» **Exercise aim**: From the material below, please set down exactly the lines starting with the one with "Fier daims mâles" and going on through the one with "Bofigo 60x80 Granit", without a single picture.

» **Input for this task**:

__________________________________________________

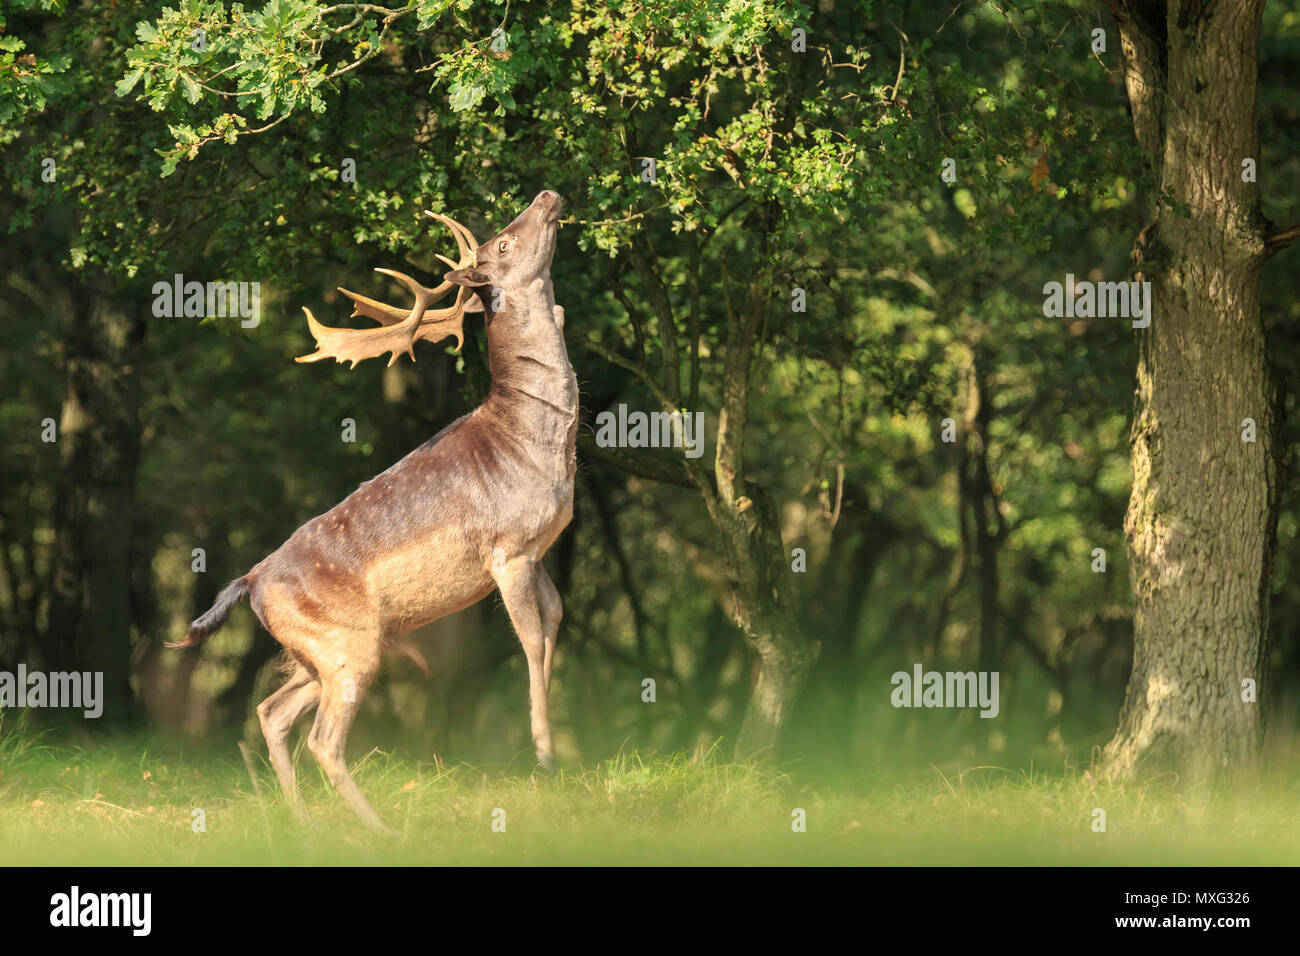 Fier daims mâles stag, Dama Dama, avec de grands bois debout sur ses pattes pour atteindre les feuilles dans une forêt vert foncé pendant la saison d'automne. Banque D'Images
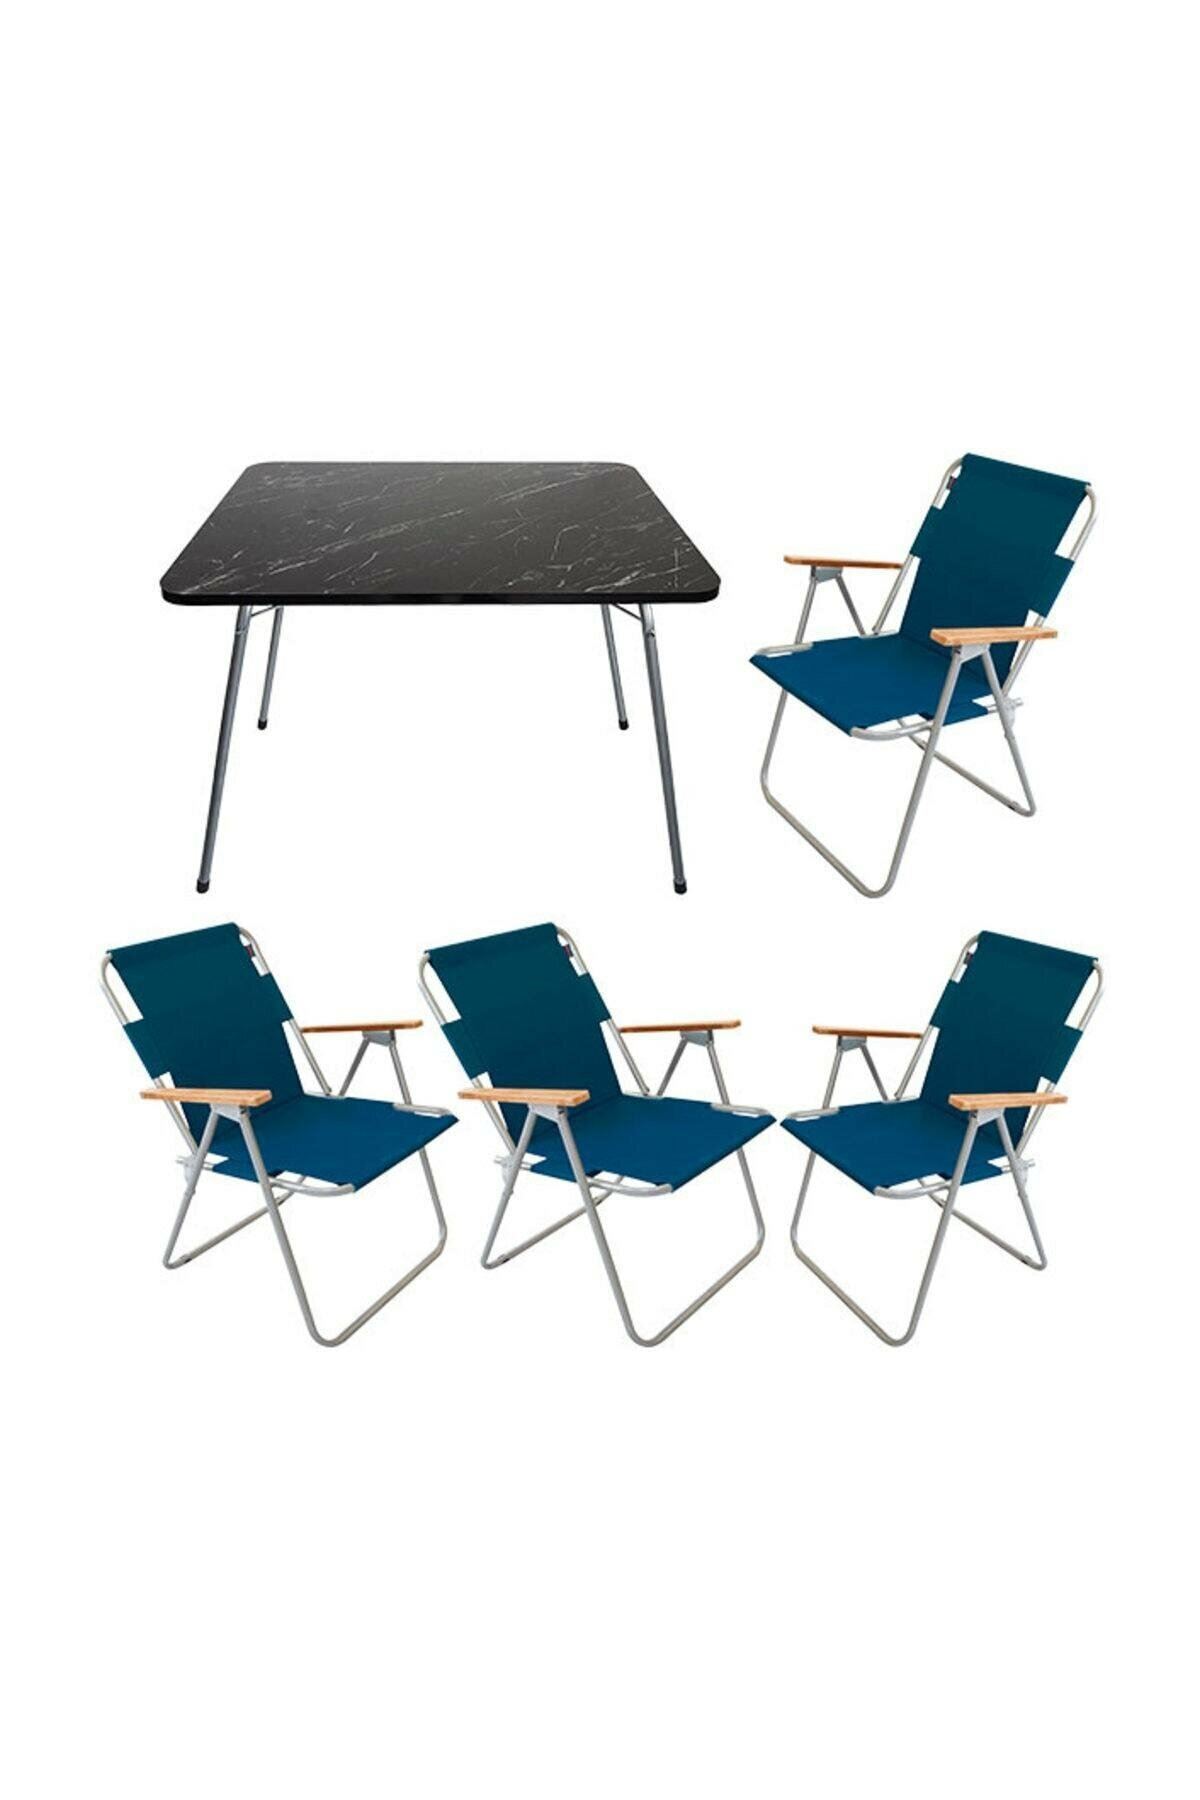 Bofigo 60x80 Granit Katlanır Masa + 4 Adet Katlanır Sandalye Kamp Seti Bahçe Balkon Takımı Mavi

__________________________________________________

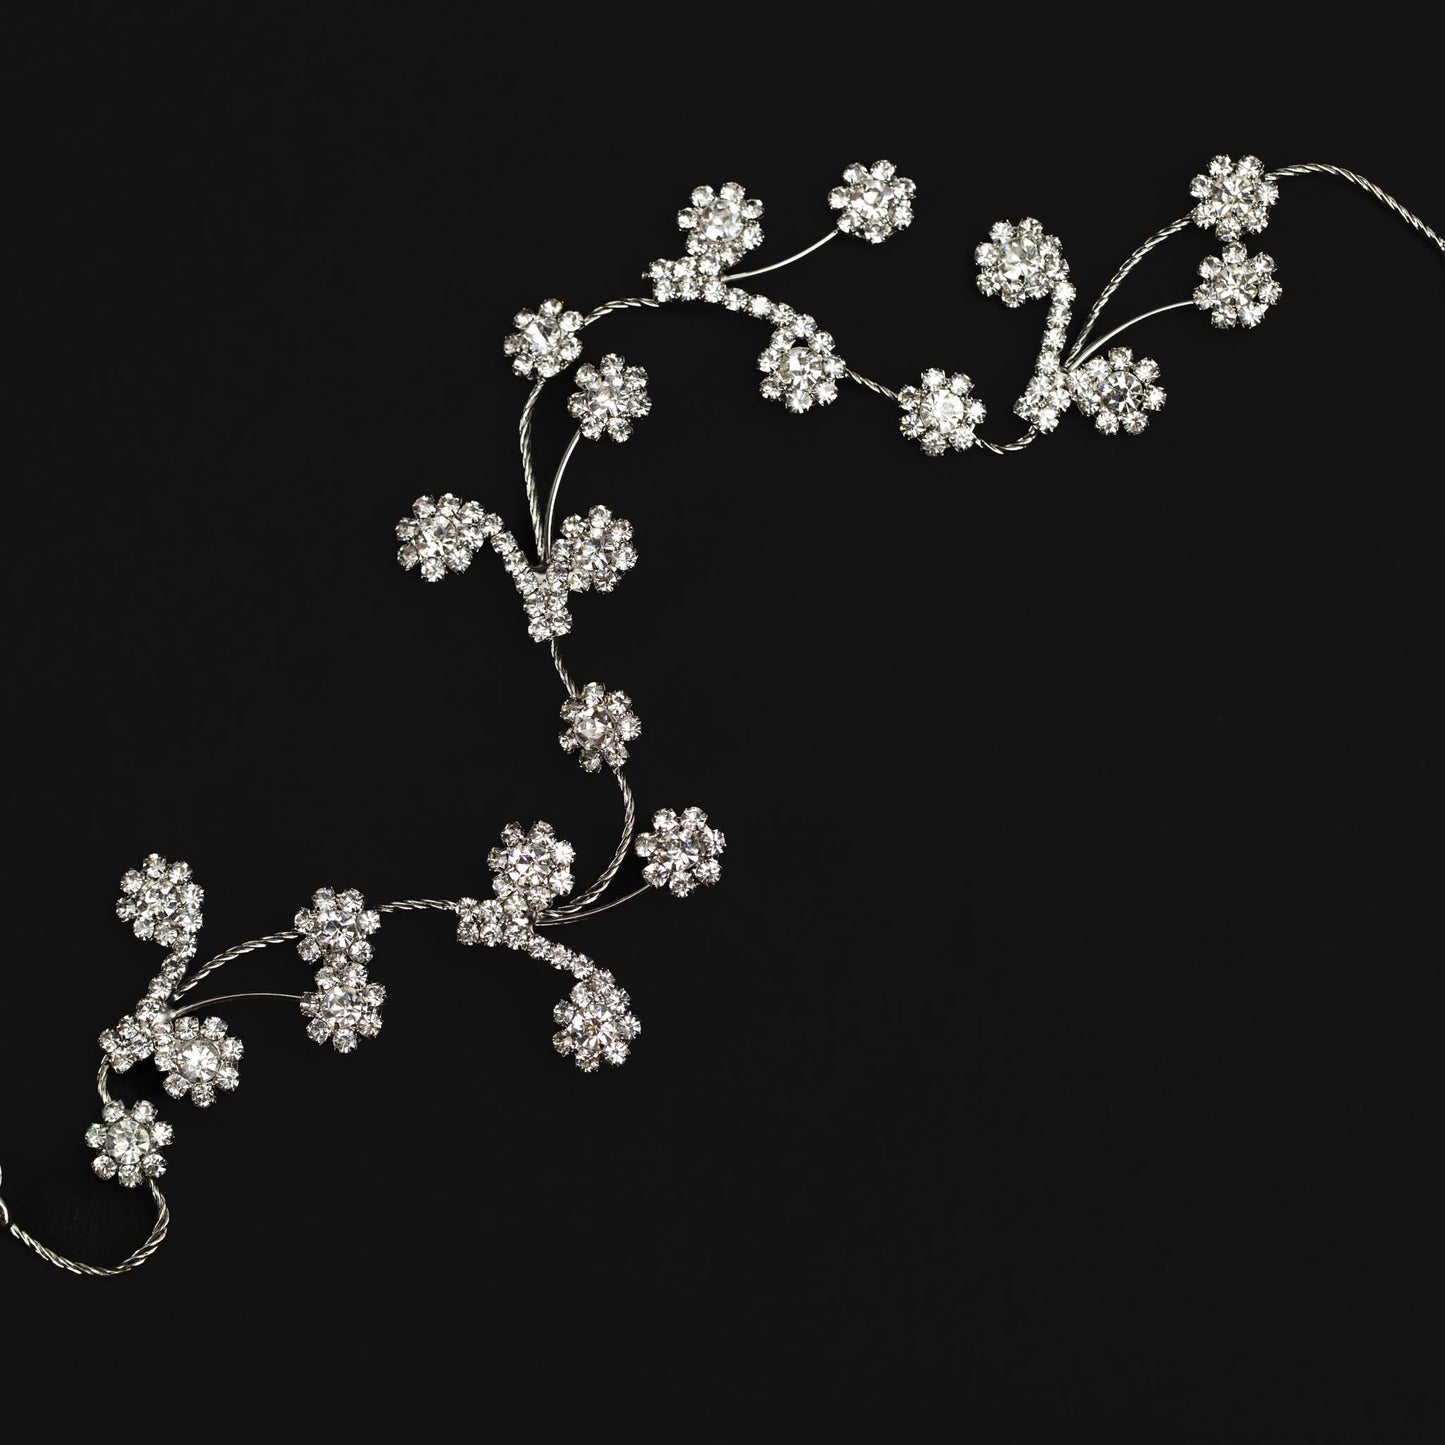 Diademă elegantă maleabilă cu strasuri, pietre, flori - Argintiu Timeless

__________________________________________________

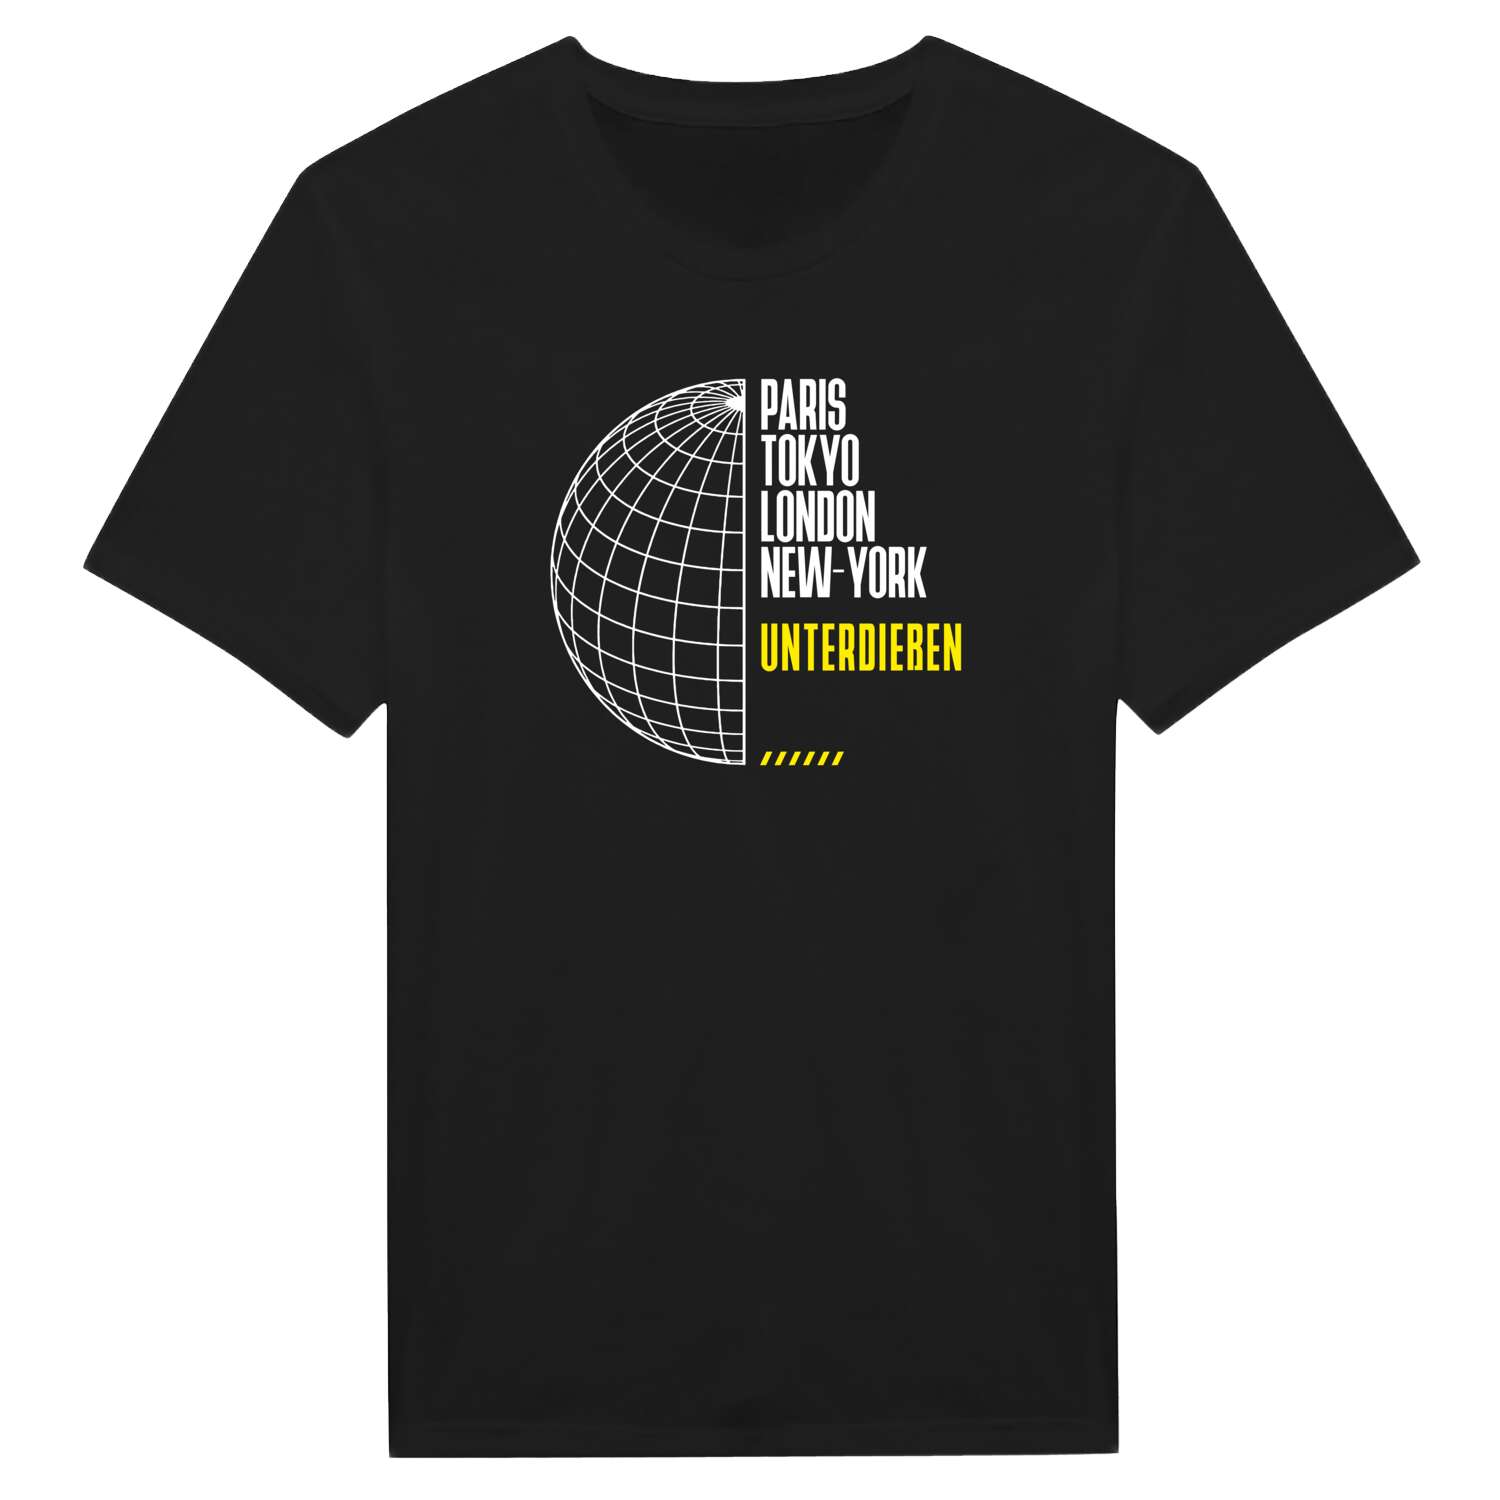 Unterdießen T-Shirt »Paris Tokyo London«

__________________________________________________

» **Response to this exercise**:
 Fier daims mâles stag, Dama Dama, avec de grands bois debout sur ses pattes pour atteindre les feuilles dans une forêt vert foncé pendant la saison d'automne. Banque D'Images
 Bofigo 60x80 Granit Katlanır Masa + 4 Adet Katlanır Sandalye Kamp Seti Bahçe Balkon Takımı Mavi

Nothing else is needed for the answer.